Revisit experiences.
Read over your notes soon after new learning (a day after, three days after and then every now and then). Remake lotions and potions to help create reliable neural pathways. Revisit the plants. Look again at your pressed leaves. Doing things over and over really helps us to gain more from them in terms of memory and motor skills (like getting better at measuring liquids, grating beeswax, chopping etc).

Do one thing at a time.
I grew up being told that multi-tasking was a wonderful skill. I was proud to be a seemingly good multi-tasker. Now I realise that it is not such a good thing. Of course, I am happy to be able to do several things at once sometimes but the brain cannot really do lots of the things well, at once.

When multitasking, the brain actually switches attention from one task to the next to the next repeatedly and very fast. This is very tiring for the brain and leads to nothing being done terribly well. It also decreases our ability to make good neural pathways and connections which aid with memory and understanding.

Better for the brain and effectiveness is to do one thing properly at a time. Yes, it takes longer but the results are far better. It is well worth a try, especially if you are a recovering multi-tasker like myself!
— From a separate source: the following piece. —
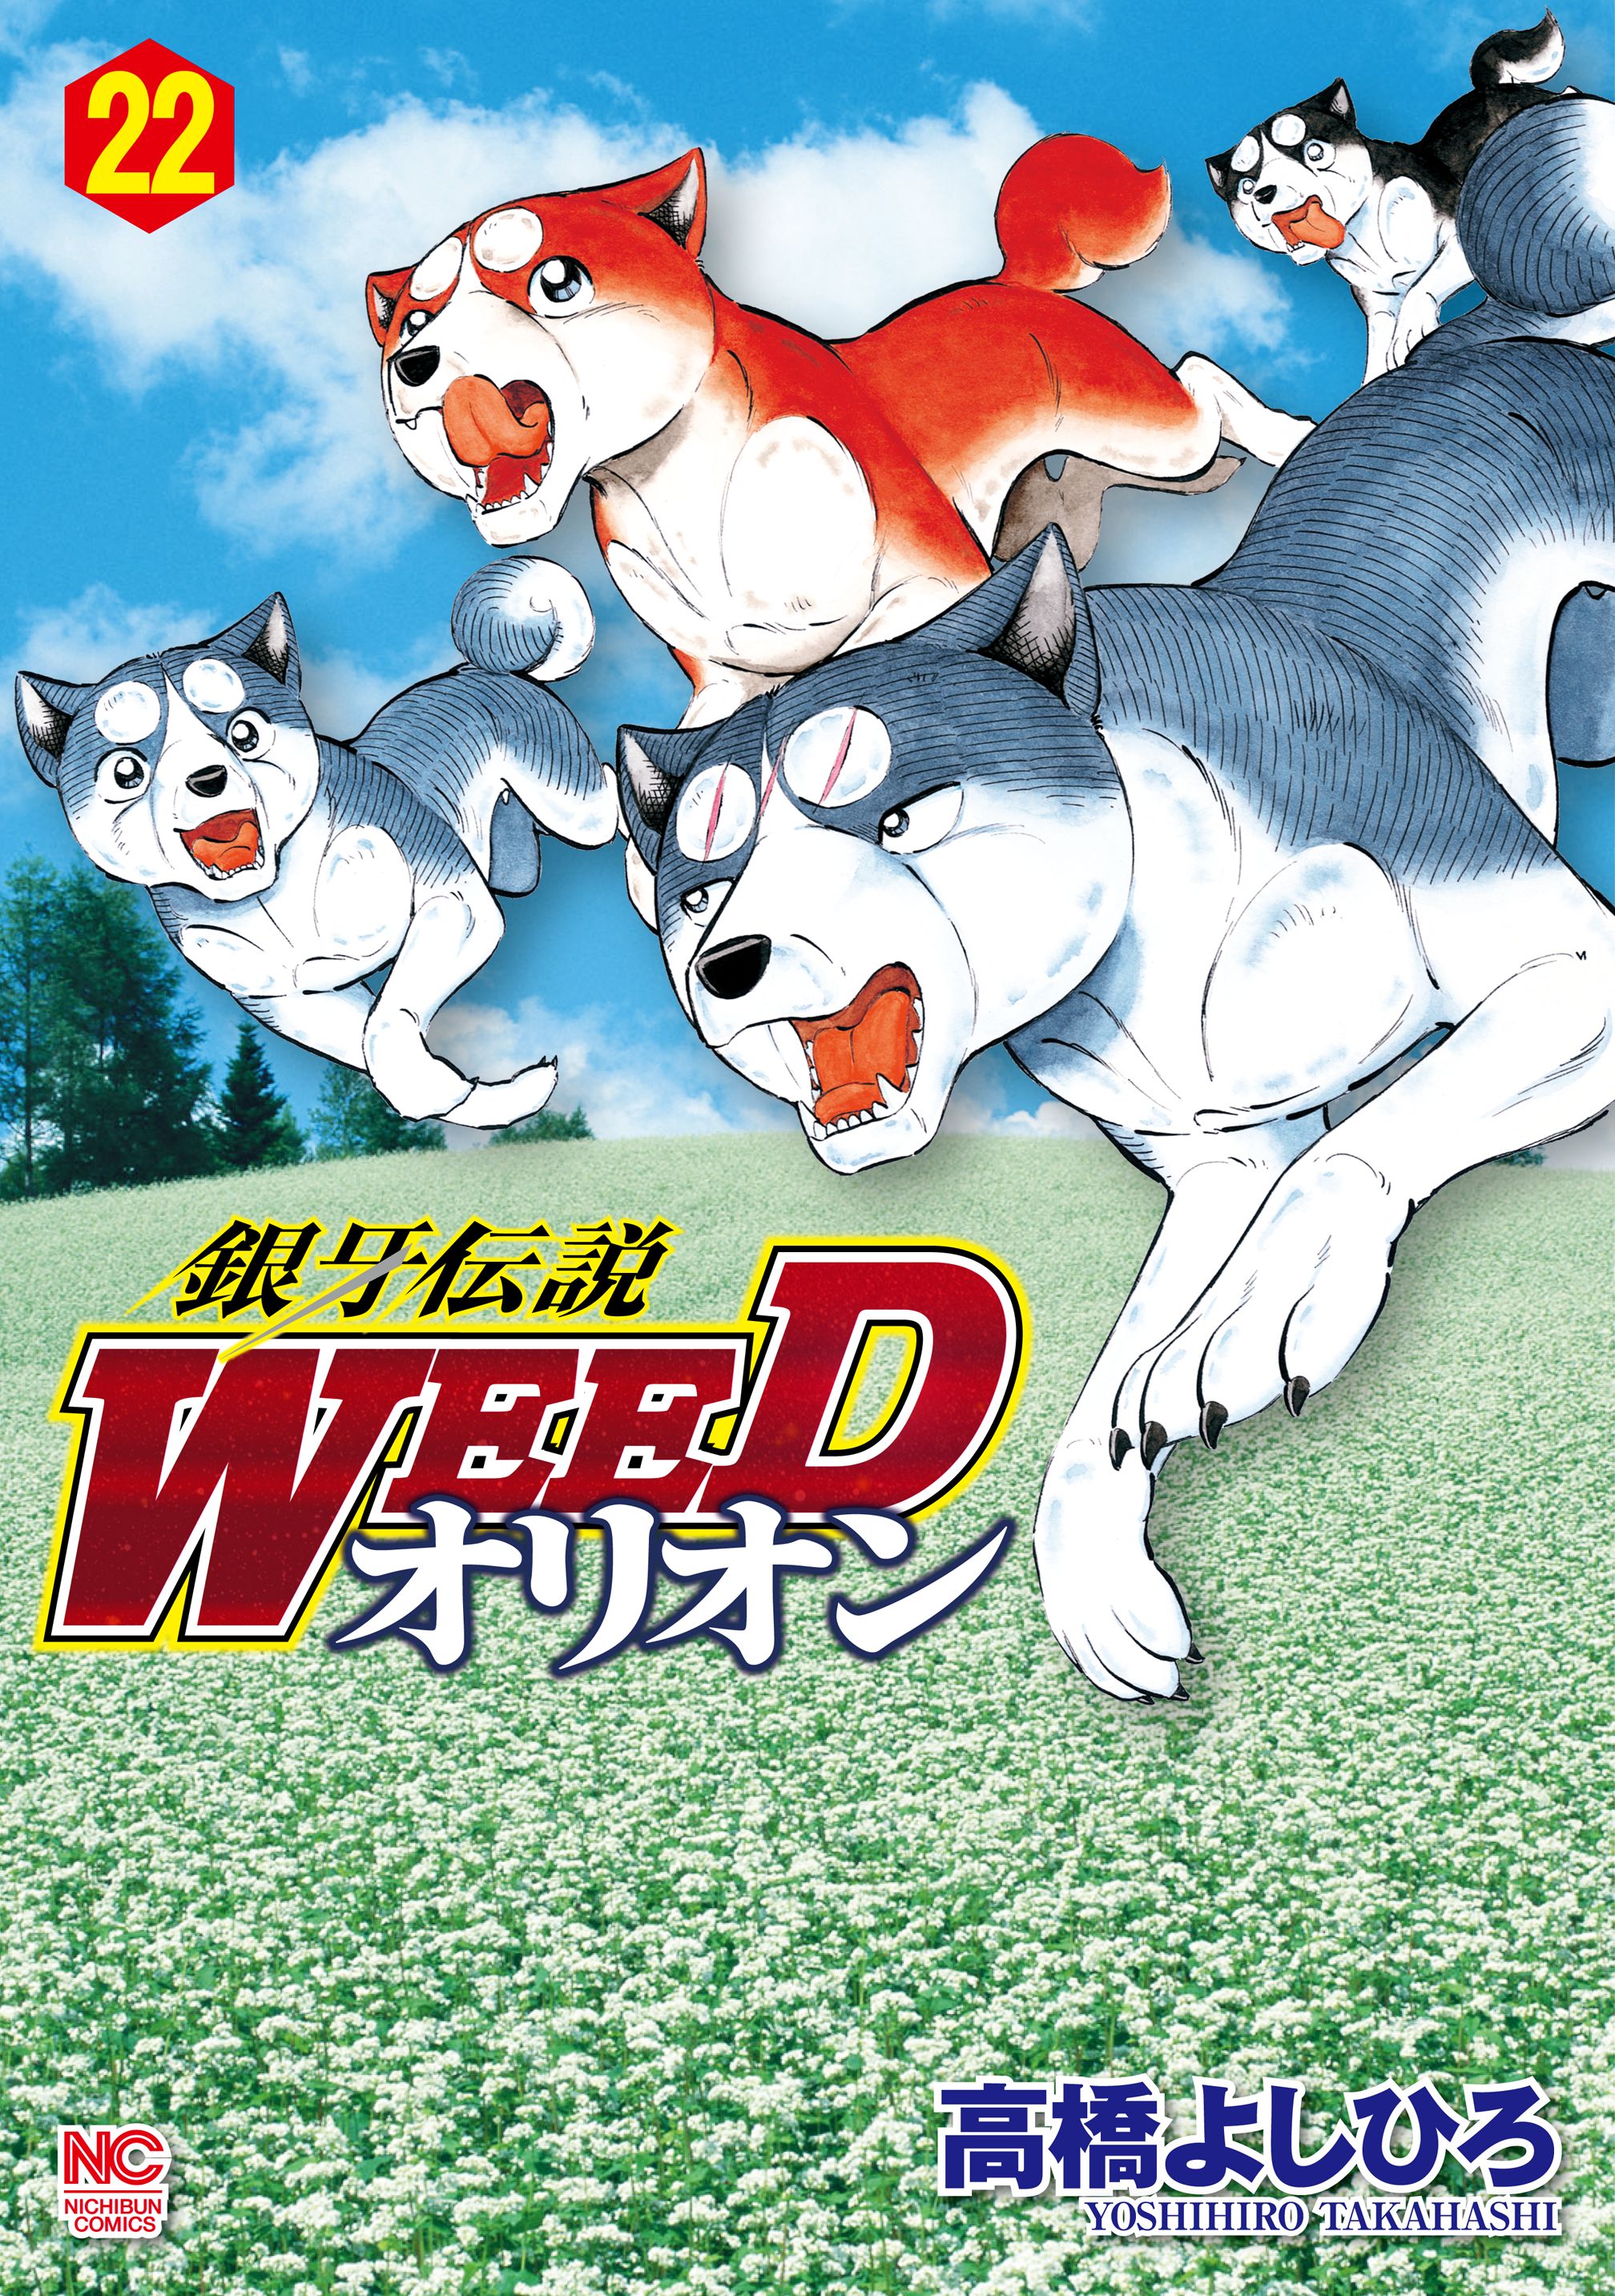 銀牙伝説WEED  WEEDオリオン　THE LAST WARS  ドッグデイズ本・雑誌・漫画

Doing one thing at a time also enables us to get into the flow of things.

Allow time to Flow
To really focus, dive deeply, be creative and allow our minds to make wonderful connections and dream up new solutions and ideas - we need time. To get into a really productive flow is said to take about 90 minutes. So perhaps have this in mind when you next set aside some time to focus on your herbal studies or some other creative work.

Give yourself time and uninterrupted space to really get into it. When you achieve flow, you feel as though you and the topic/object of attention are merged together as one. Do you know that feeling? When did you last have it?